→ **What to do**: Print the listing exactly as it stands, and skip any pictures in it.

→ **Information supplied**:
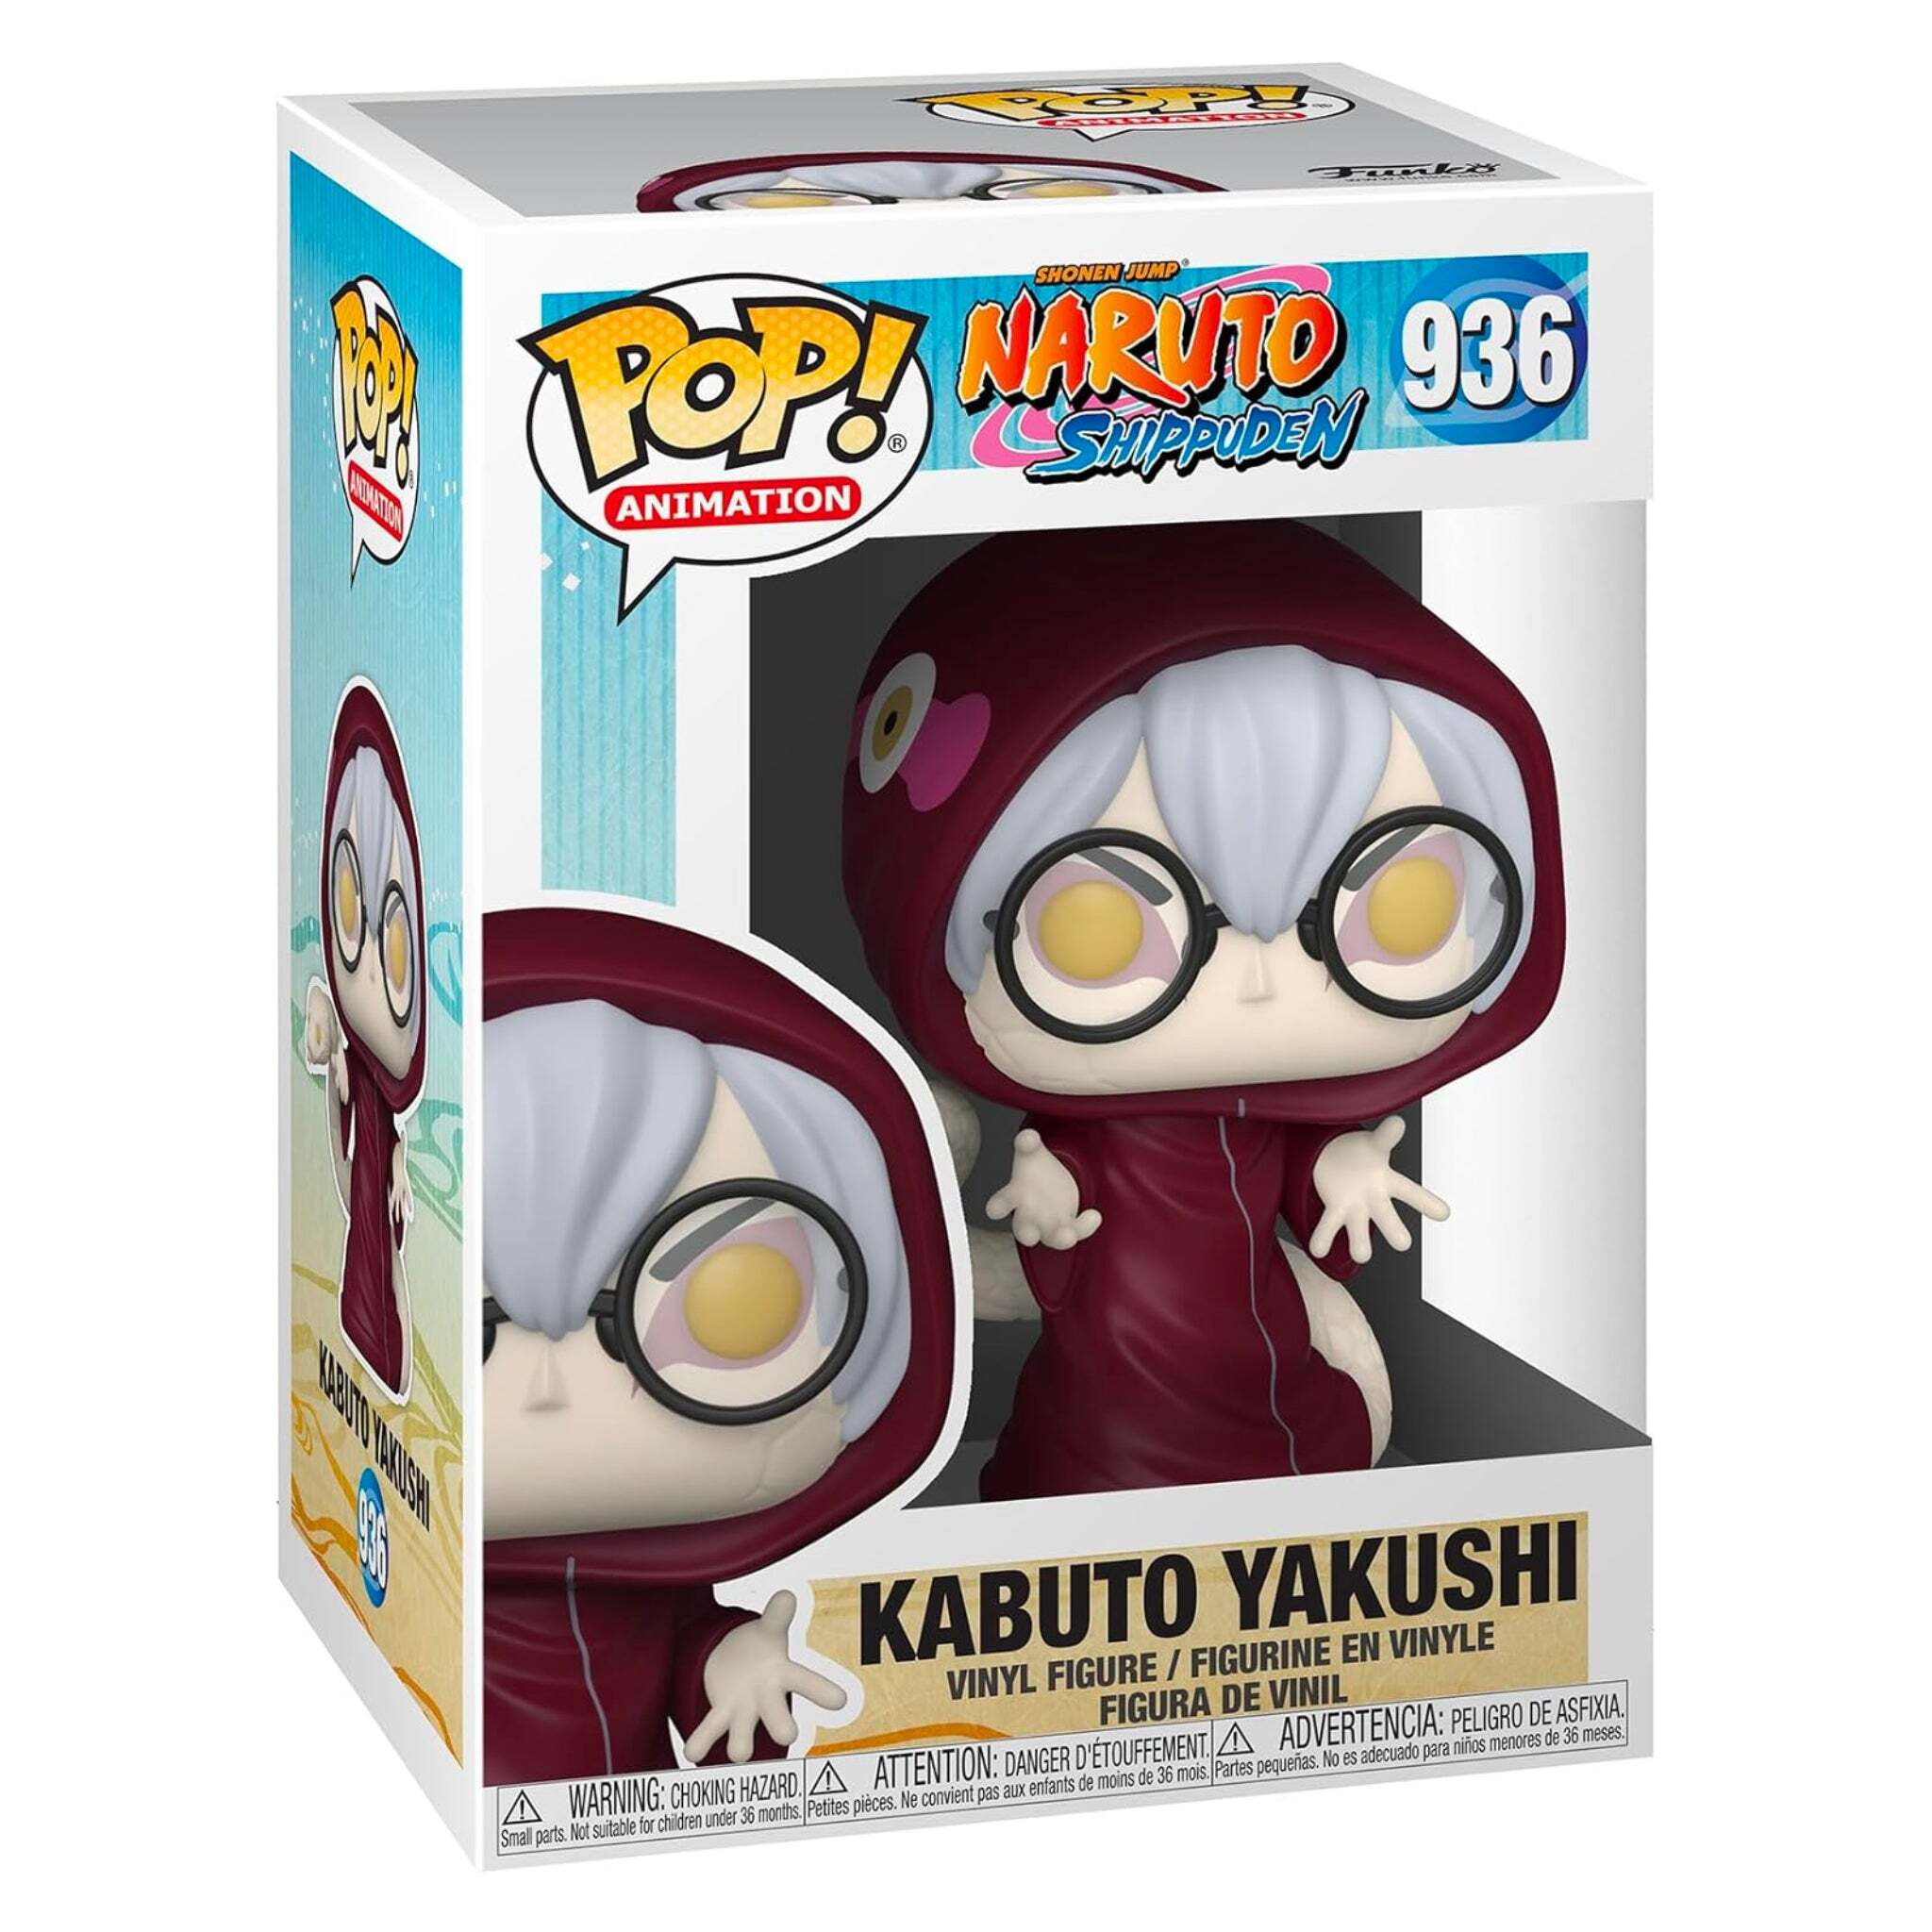 Kabuto Yakushi Funko Pop!
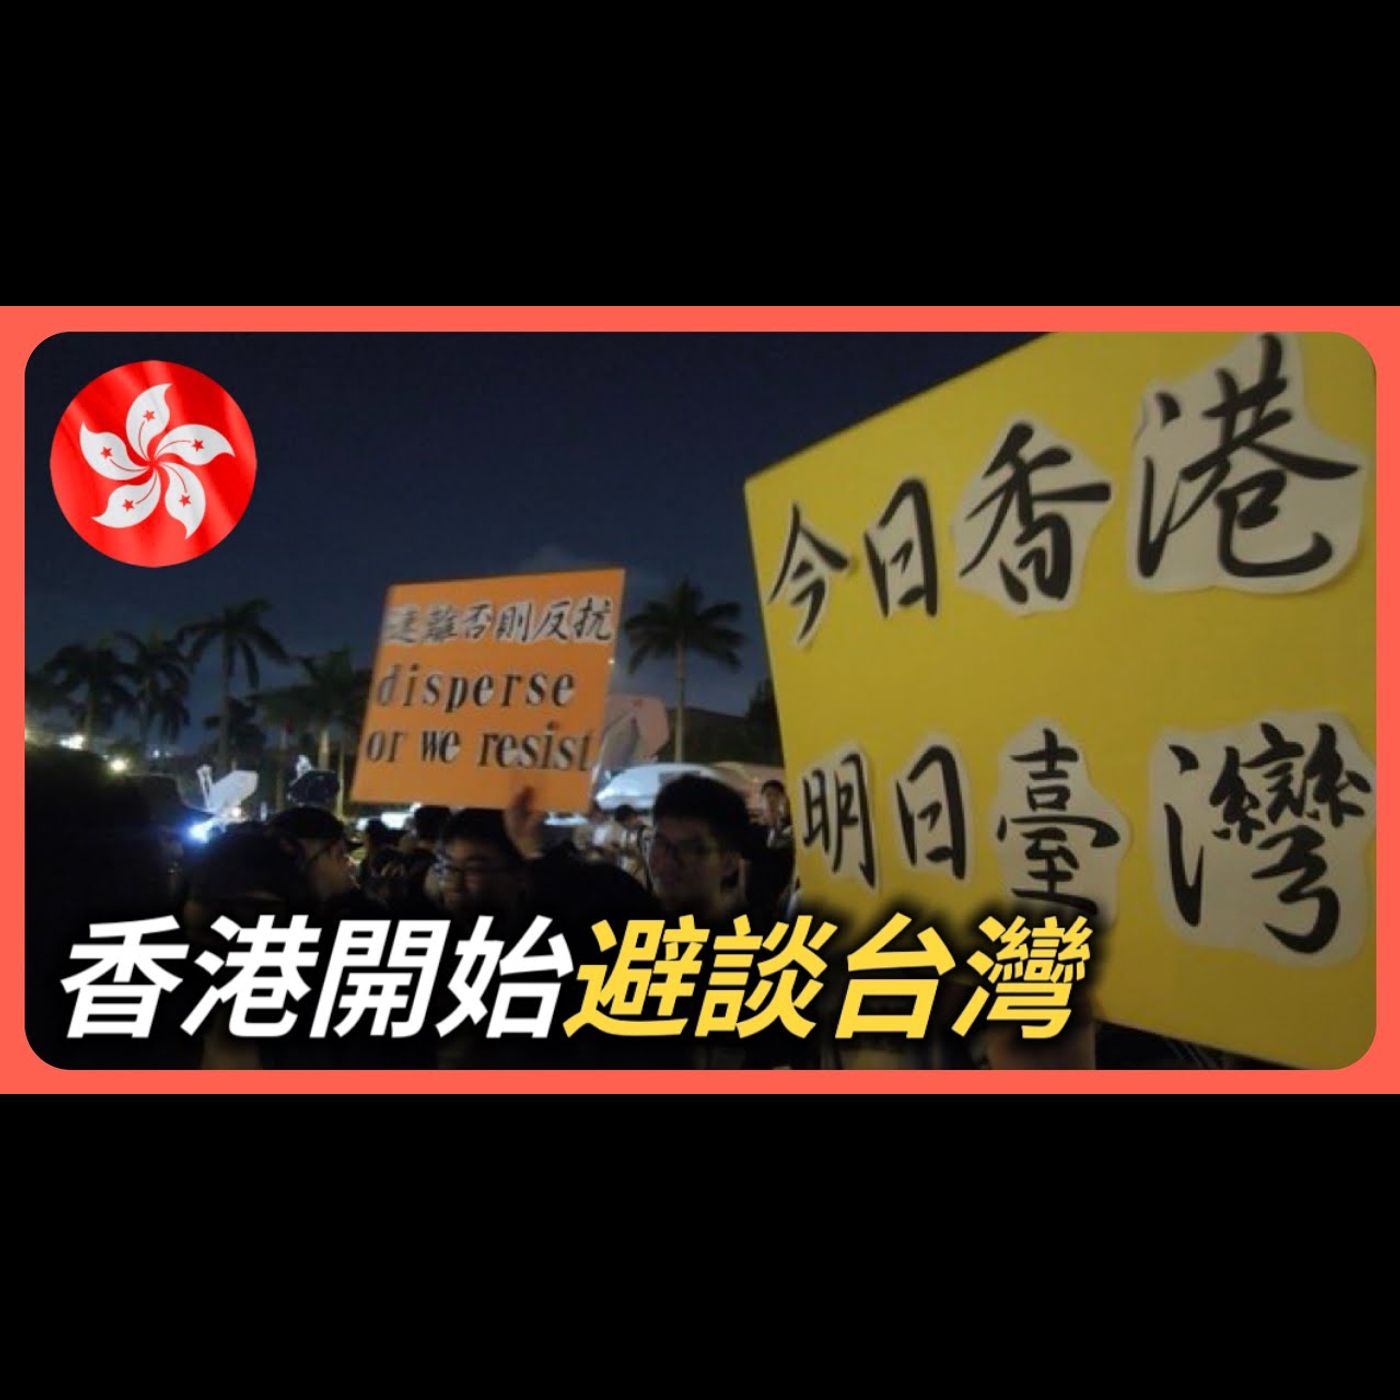 香港人開始避談政治⋯⋯​⁠@BBC記者香港街頭採訪遭「避之不及」⋯⋯
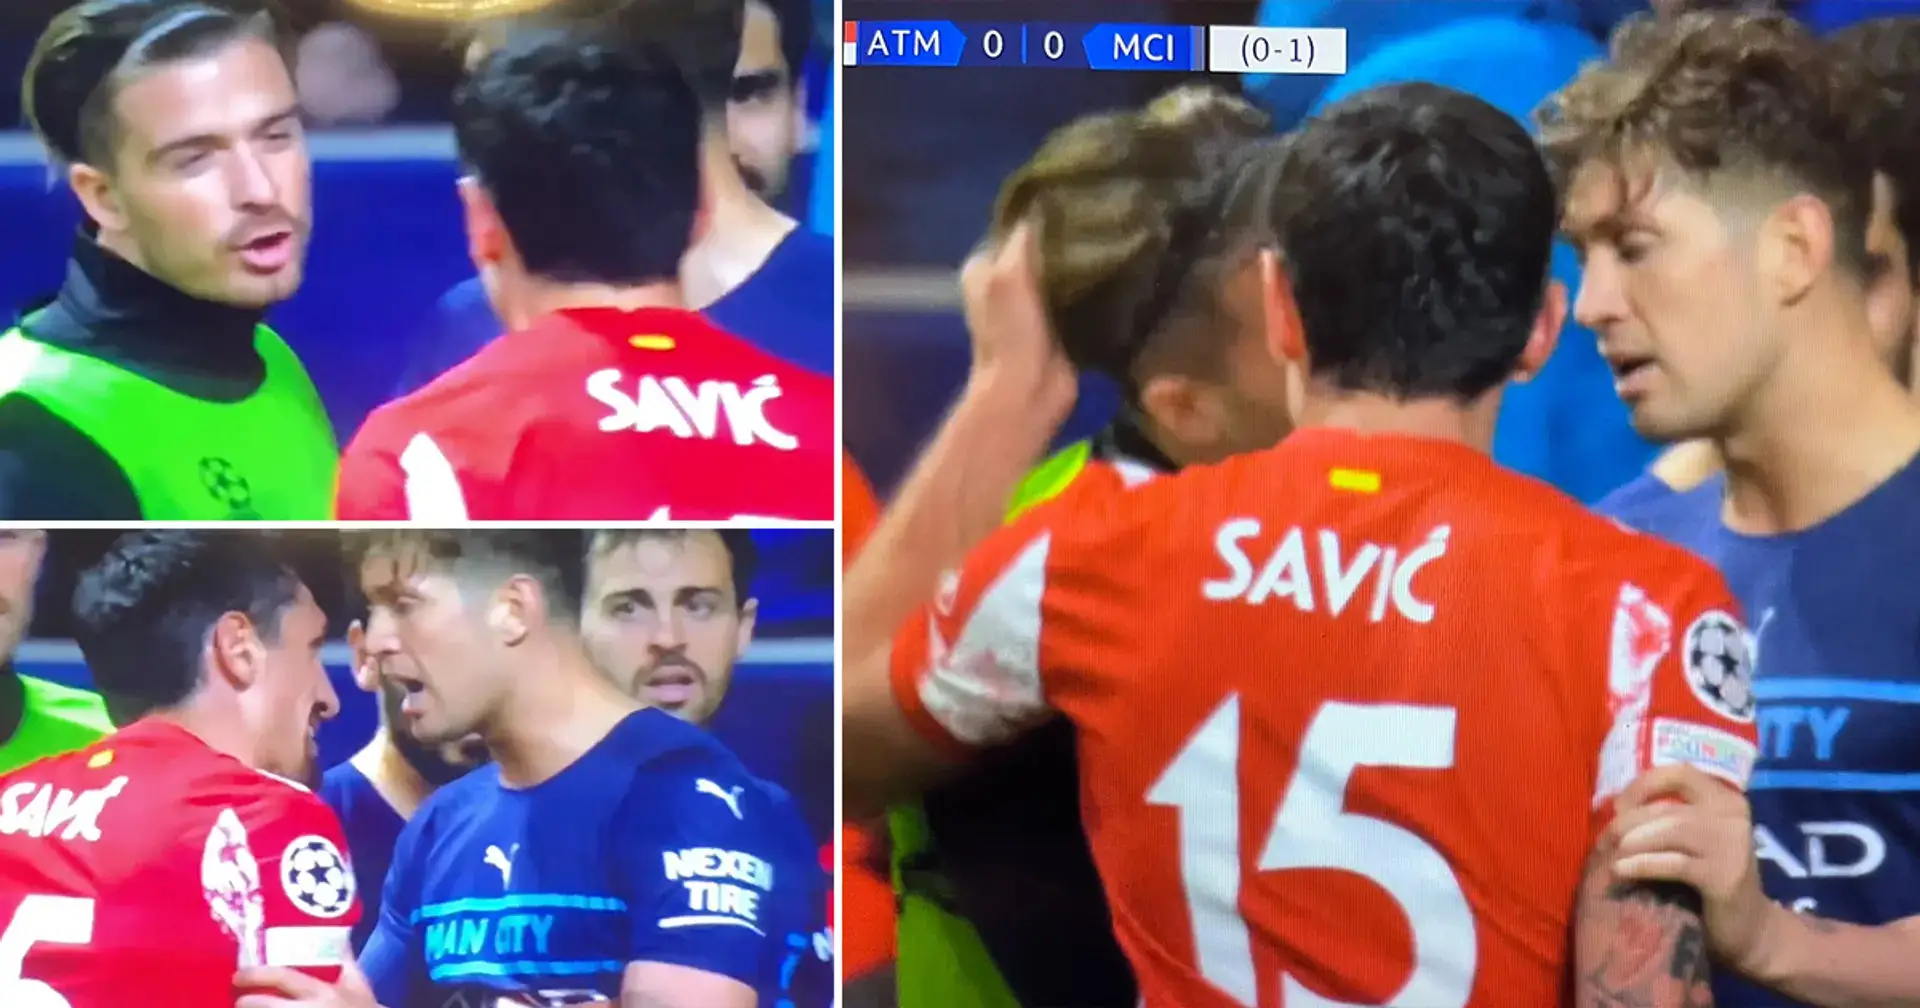 Savic tira bruscamente del cabello de Grealish durante el partido, los jugadores chocan en el túnel y tiene que intervenir la policía 
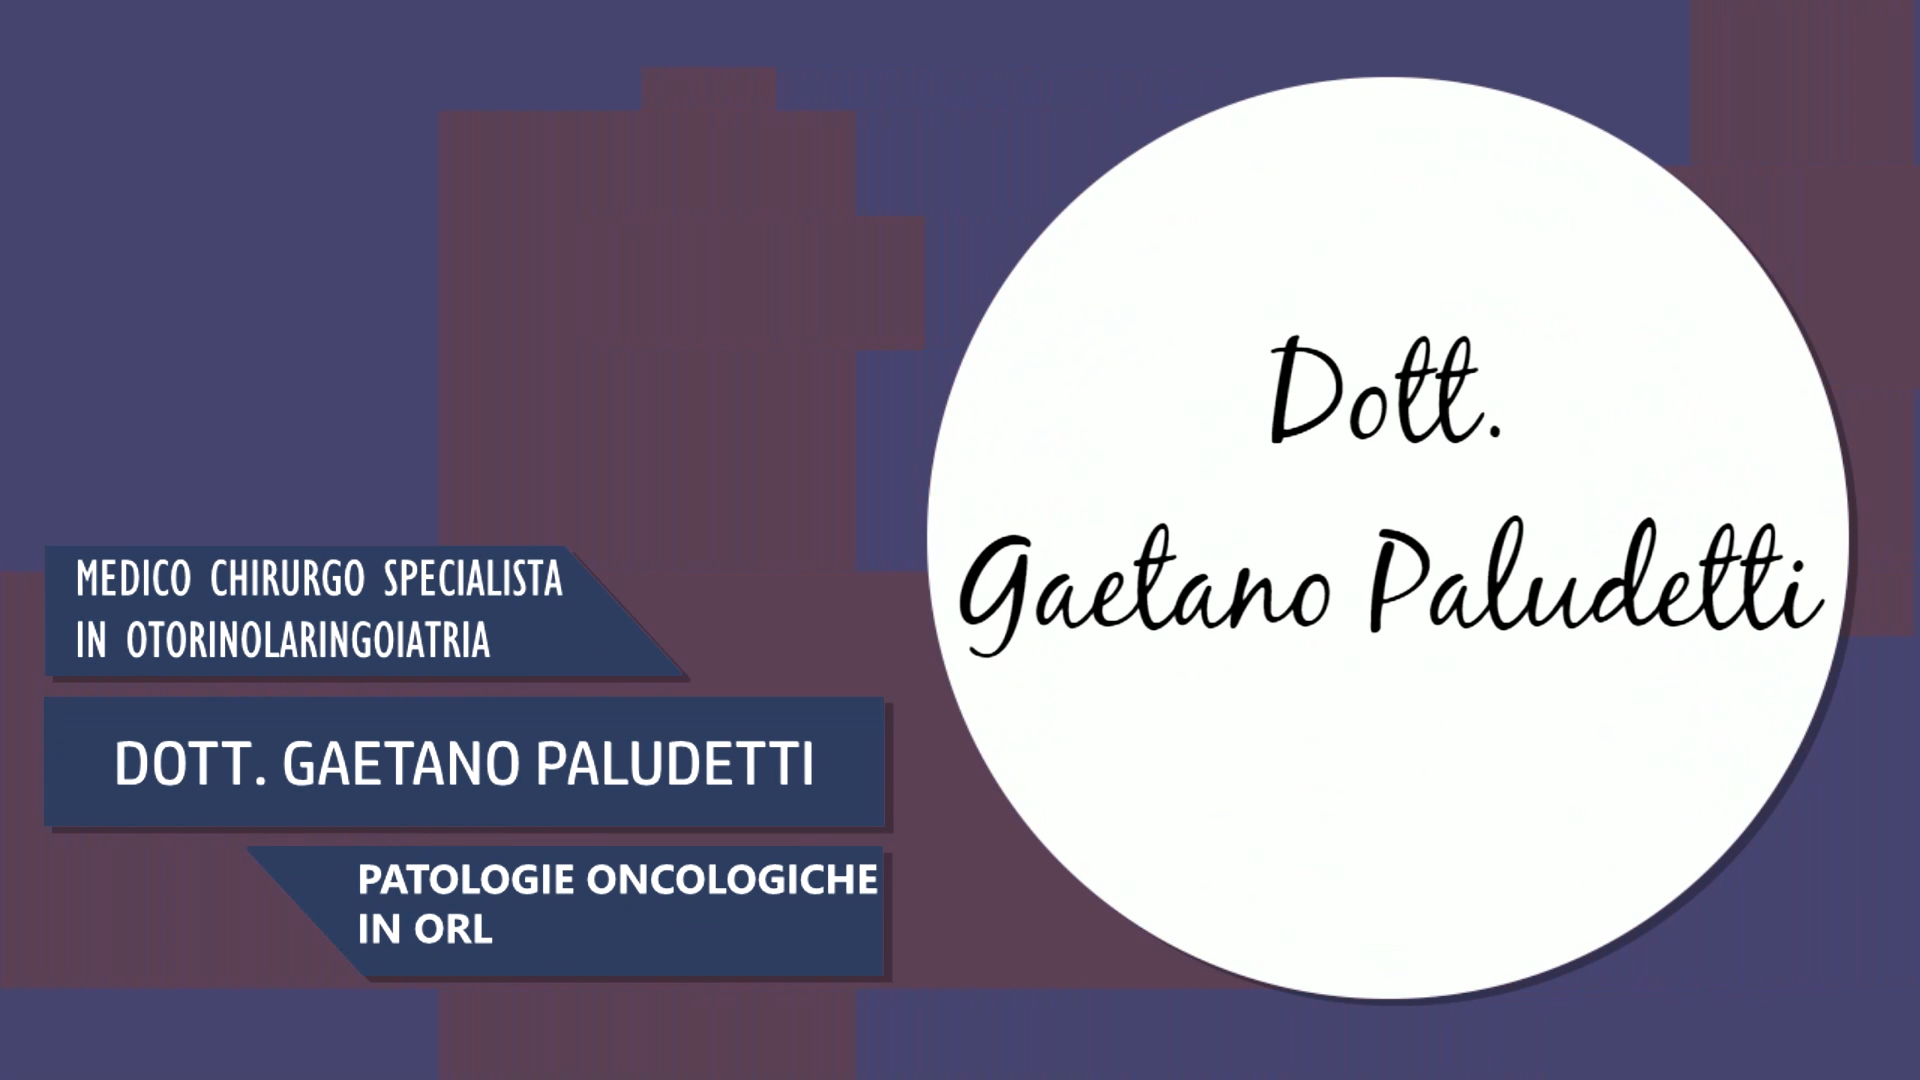 Intervista al Dott. Gaetano Paludetti – Patologie oncologiche in ORL

→ **Answer box**:
 Kabuto Yakushi Funko Pop!
 香港人開始避談政治⋯⋯​⁠@BBC記者香港街頭採訪遭「避之不及」⋯⋯
 Savic tira bruscamente del cabello de Grealish durante el partido, los jugadores chocan en el túnel y tiene que intervenir la policía 
 Intervista al Dott. Gaetano Paludetti – Patologie oncologiche in ORL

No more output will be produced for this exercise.